Шахт уткнулся лицом в диван и зарыдал. Качалин положил ему на плечо руку, сказал:
— Гиви, не надо плакать, ты же мужчина. Ты нам дал деньги на дорогу, мы это помним и долг тебе вернем. Ты лучше подумай, где будешь жить. В России тебе будет трудно, там теперь все больше людей с красными флагами, они советуют вам жить на своей исторической родине, а там кибуци и ты будешь заведовать свинофермой. Миллиардов у тебя не будет, и даже миллионов там не дадут, но, говорят, в кибуцах неплохо кормят и дают жилье. Ты будешь сыт, одет–обут — чего же еще тебе нужно? А деньги?.. Ты же видишь, сколько с ними хлопот. Бог с ними, с деньгами. Сеня имел много денег, но разве он взял хотя бы сотню долларов с собой в лучший мир?.. И юрист, которого ты сам же называешь мешком с костями, — разве на пользу идут ему деньги? Да он, мне кажется, отдал бы все свои счета, лишь бы приобрести форму, которую имею, к примеру, я. А? Правду я говорю или неправду?
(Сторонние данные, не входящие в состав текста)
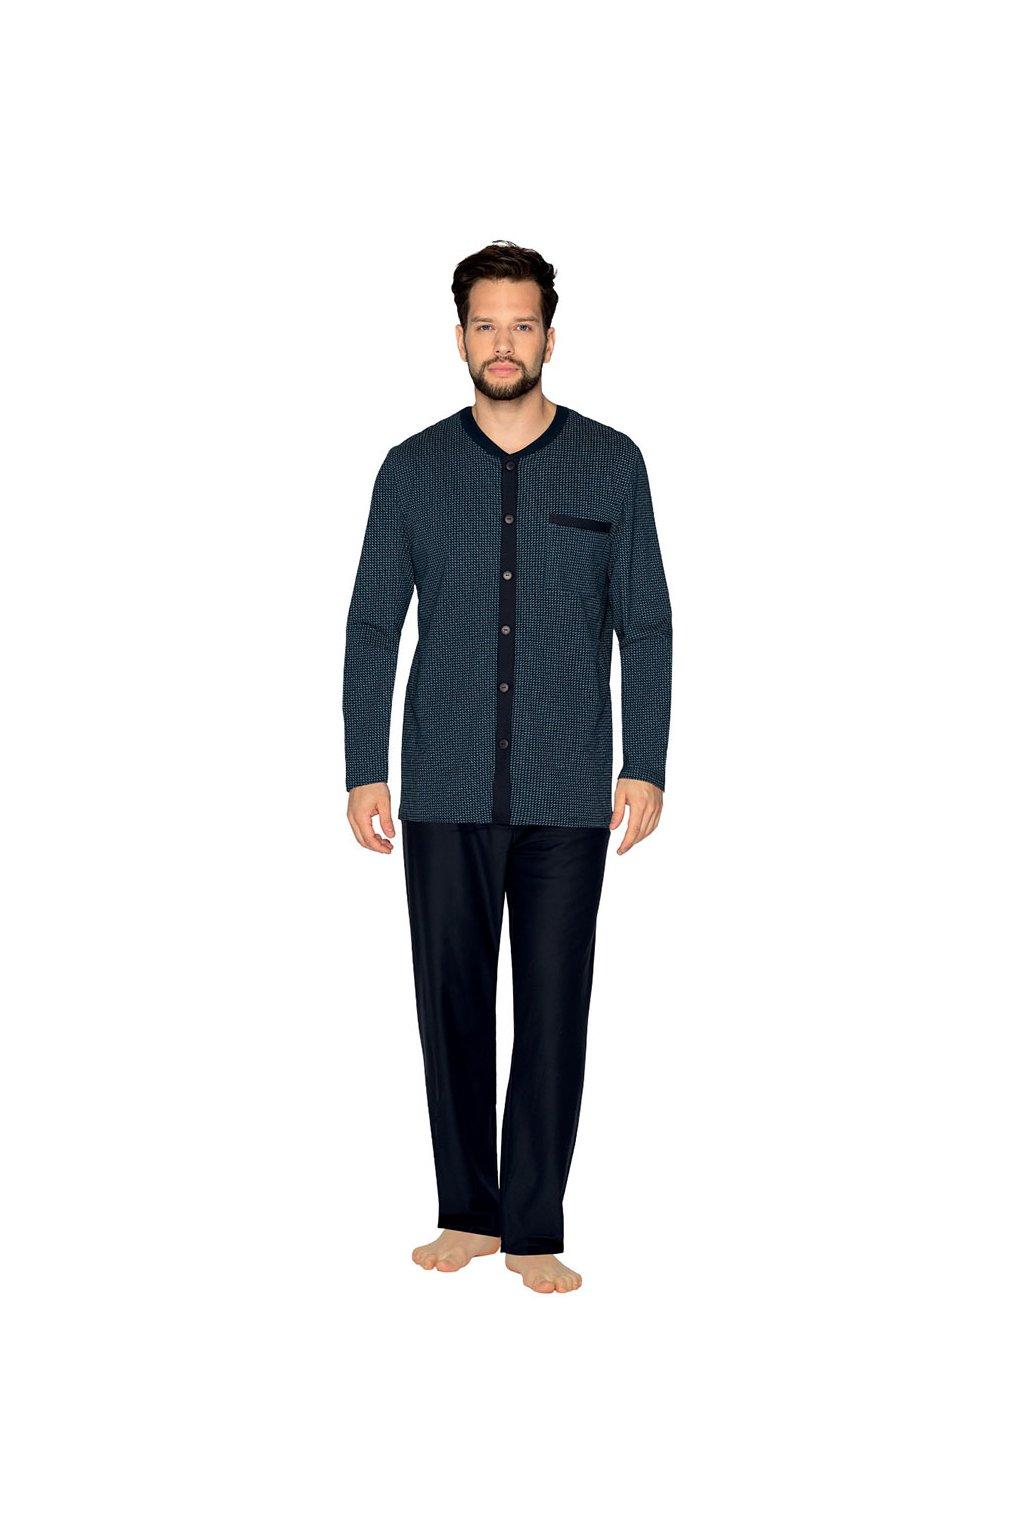 Pánské pyžamo s dlouhým rukávem, 20431 101, tmavě modrá

— Нет, Сергей, неправду ты говоришь, — возразил Гиви, утирая рукавом слезы. — Этому Тете — Дяде, конечно, нужна твоя форма, но деньги он за нее не отдаст. И если ты скажешь: возьми мою форму, а дай мне десять долларов — он и на этот гешефт не согласится. Деньги! — вот что нам нужно. И вам, русским, этого не понять. Вам еще тысячу лет надо развиваться, чтобы понять, что такое деньги.
Он взялся за голову, теребил волосы. Причитал:
— Я не хозяин денег, я никто! О–о–о!.. Шам хастыри. Я никогда не буду счастлив в этот наш великий праздник — Шам хастыри! Надул меня Сапфир, чтоб ему в гробу ни разу не увидеть и рубля. Шам хастыри. Этот праздник не для тебя, Гиви. Тебя надули как последнего Ивана. Теперь я приеду в Питер и друзья скажут: ну, как твои острова? Скоро ты пригласишь нас туда на отдых?.. Ой–ей, ой–ей! Много раз ты кувыркался, бедный Гиви, но чтобы так, чтобы так…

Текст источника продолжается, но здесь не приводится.